A procedural Blender pipeline for photorealistic rendering.

Documentation | Tutorials | Examples | ArXiv paper | Workshop paper | JOSS article


  • Loading: *.obj, *.ply, *.blend, *.fbx, BOP, ShapeNet, Haven, 3D-FRONT, etc.
  • Objects: Set or sample object poses, apply physics and collision checking.
  • Materials: Set or sample physically-based materials and textures
  • Lighting: Set or sample lights, automatic lighting of 3D-FRONT scenes.
  • Cameras: Set, sample or load camera poses from file.
  • Rendering: RGB, stereo, depth, normal and segmentation images/sequences.
  • Writing: .hdf5 containers, COCO & BOP annotations.


Via pip

The simplest way to install blenderproc is via pip:

pip install blenderproc

Via git

Alternatively, if you need to make changes to blenderproc or you want to make use of the most recent version on the main-branch, clone the repository:

git clone

To still make use of the blenderproc command and therefore use blenderproc anywhere on your system, make a local pip installation:

cd BlenderProc
pip install -e .


BlenderProc has to be run inside the blender python environment, as only there we can access the blender API. Therefore, instead of running your script with the usual python interpreter, the command line interface of BlenderProc has to be used.

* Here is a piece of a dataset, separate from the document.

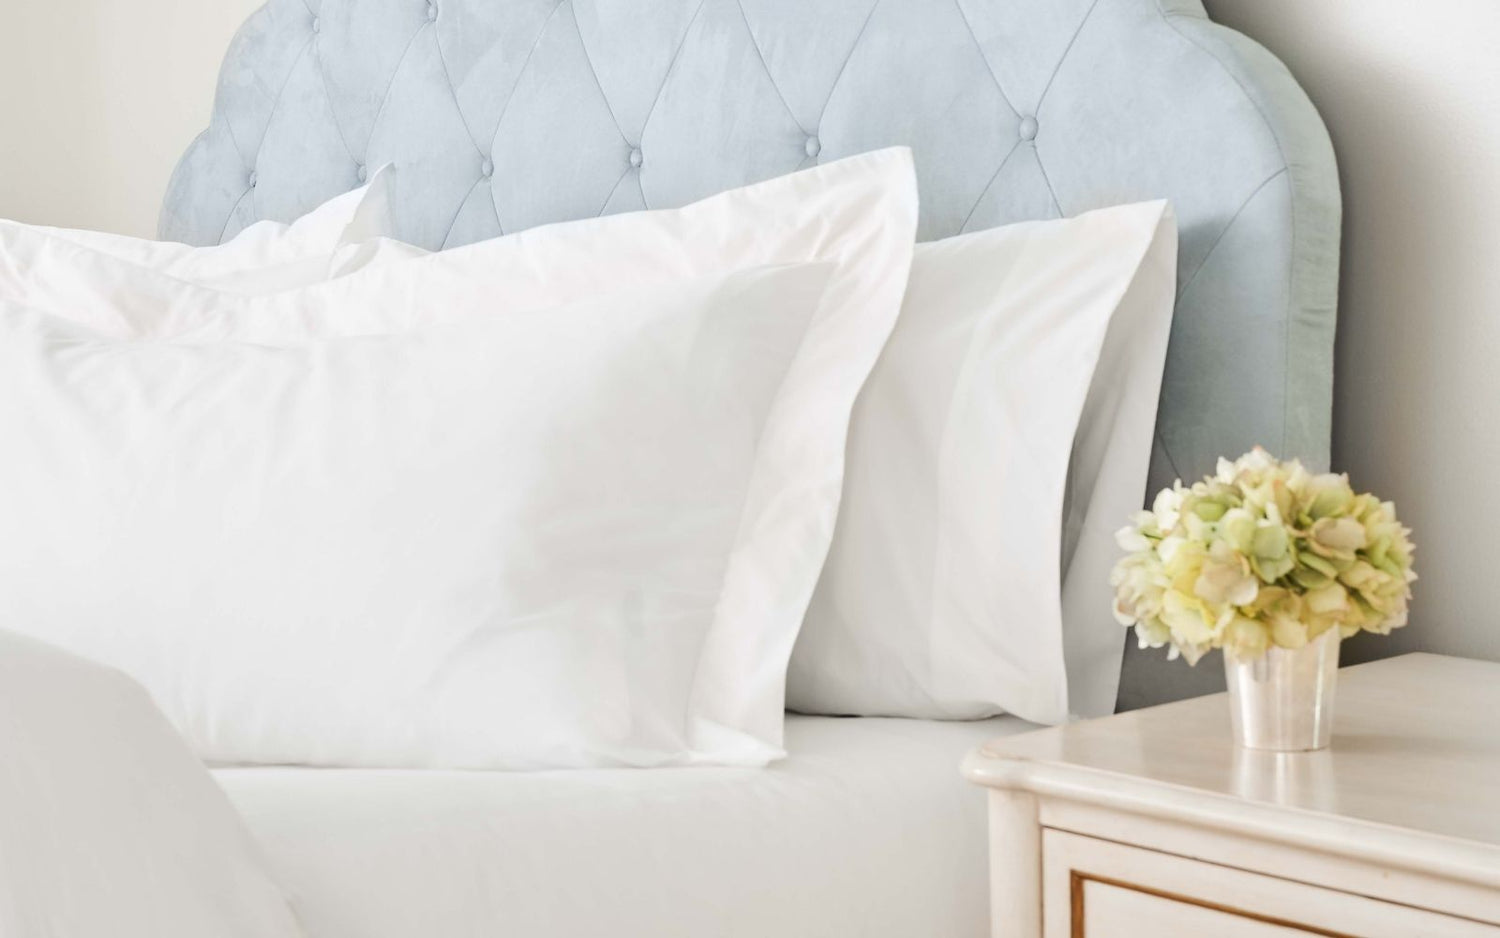 Thomas Lee Sheets, is pleased to extend its hospitality program to include Airbnbs and VRBOs. Top Superhosts and Premier hosts know Thomas Lee's beautiful bedding gets softer with every wash and is sure to delight even the most discerning guests.

blenderproc run <your_python_script>

In general, one run of your script first loads or constructs a 3D scene, then sets some camera poses inside this scene and renders different types of images (RGB, distance, semantic segmentation, etc.) for each of those camera poses. Usually, you will run your script multiple times, each time producing a new scene and rendering e.g. 5-20 images from it. With a little more experience, it is also possible to change scenes during a single script call, read here how this is done.


You can test your BlenderProc pip installation by running

blenderproc quickstart

This is an alias to blenderproc run where is:

import blenderproc as bproc
import numpy as np


# Create a simple object:
obj = bproc.object.create_primitive("MONKEY")

# Create a point light next to it
light = bproc.types.Light()
light.set_location([2, -2, 0])

# Set the camera to be in front of the object
cam_pose = bproc.math.build_transformation_mat([0, -5, 0], [np.pi / 2, 0, 0])

# Render the scene
data = bproc.renderer.render()

# Write the rendering into an hdf5 file
bproc.writer.write_hdf5("output/", data)

BlenderProc creates the specified scene and renders the image into output/0.hdf5. To visualize that image, simply call:

blenderproc vis hdf5 output/0.hdf5

Thats it! You rendered your first image with BlenderProc!

Debugging in the Blender GUI

To understand what is actually going on, BlenderProc has the great feature of visualizing everything inside the blender UI. To do so, simply call your script with the debug instead of run subcommand:

blenderproc debug

Now the Blender UI opens up, the scripting tab is selected and the correct script is loaded. To start the BlenderProc pipeline, one now just has to press Run BlenderProc (see red circle in image). As in the normal mode, print statements are still printed to the terminal.

Front readme image

The pipeline can be run multiple times, as in the beginning of each run the scene is cleared.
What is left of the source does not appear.